The Depreciation and Amortization expense for ECHG consisted of depreciation of $18,788 and amortization of $83,900 for the three months ending March 31, 2020. Amortization for the three months ended March 31, 2020 is the amortization of intangibles from the Purchase Price Allocation.

Interest Expense. For the three months ended March 31, 2020, interest expense for DGSE was $44,793, an increase of $10,236, or 29%, compared to $34,549 during the same period in 2019. The increase is primarily due to an increased interest rate on the note payable - trade, related party, that paid off the accounts payable, related party, outstanding balance of $2,928,210 as of March 31, 2020.

The interest expense for ECHG was $100,522 for the three months ending March 31, 2020, which was related to the note payable, related party, with an outstanding balance of $6,641,438 as of March 31, 2020.

Income Tax Expense. For the three months ending March 31, 2020, our income tax expense was $18,577, an increase of $8,341, or 81%, compared to $10,236 for the three months ending March 31, 2019. The effective income tax rate was 1.6% and 2.9% for the three months ending March 31, 2020 and 2019, respectively. Differences between our effective income tax rate and the U.S federal statutory rate are the result of state taxes, non-deductible expenses, changes in reserves for uncertain tax positions and unused NOL carryforwards.
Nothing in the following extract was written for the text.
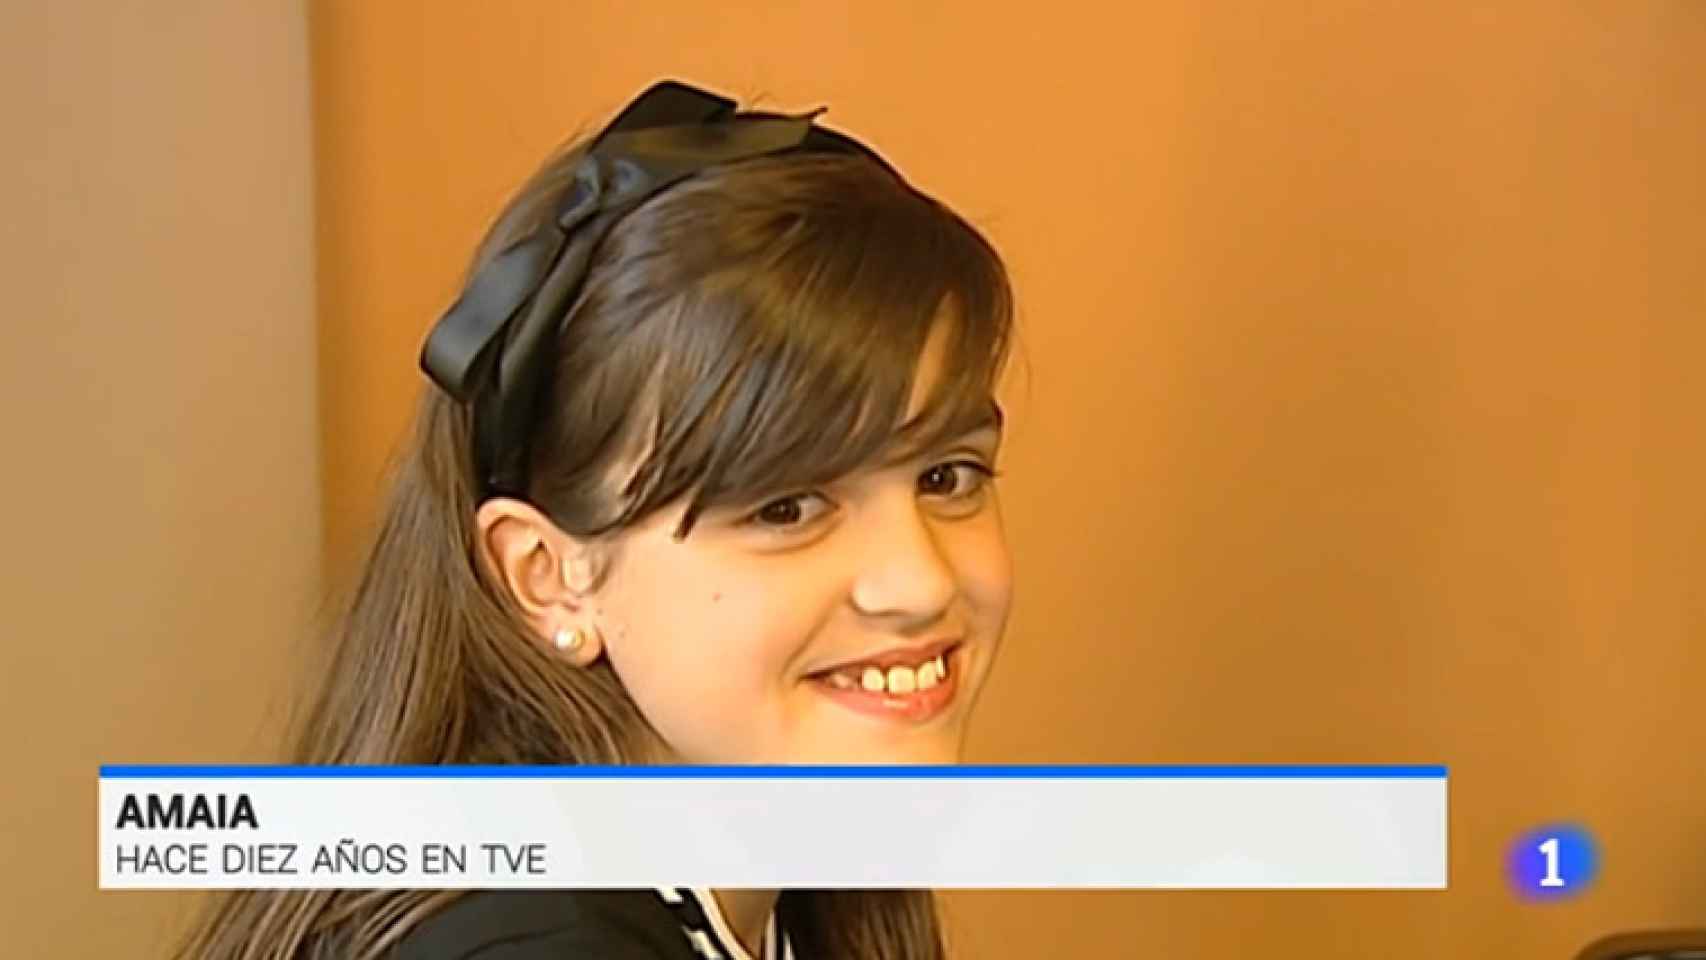 'OT': El informativo de TVE rescata a la Amaia de hace 10 años

Net Income. We recorded a net income of $1,174,149 for the three months ended March 31, 2020, compared to a net income of $354,635 for the three months ended March 31, 2019, an increase in net income of $819,514, which is due primarily from the addition of ECHG adding $785,724 of net income for the three months ended March 31, 2020.

Earnings Per Share. For the three months ending March 31, 2020, our net income per basic and diluted shares attributable to common stockholders was $.04, compared to $.01 per basic and diluted shares for the three months ending March 31, 2019, an increase of $.03 per share. The increase is primarily due to the addition of ECHG’s net income for the three months ending March 31, 2020.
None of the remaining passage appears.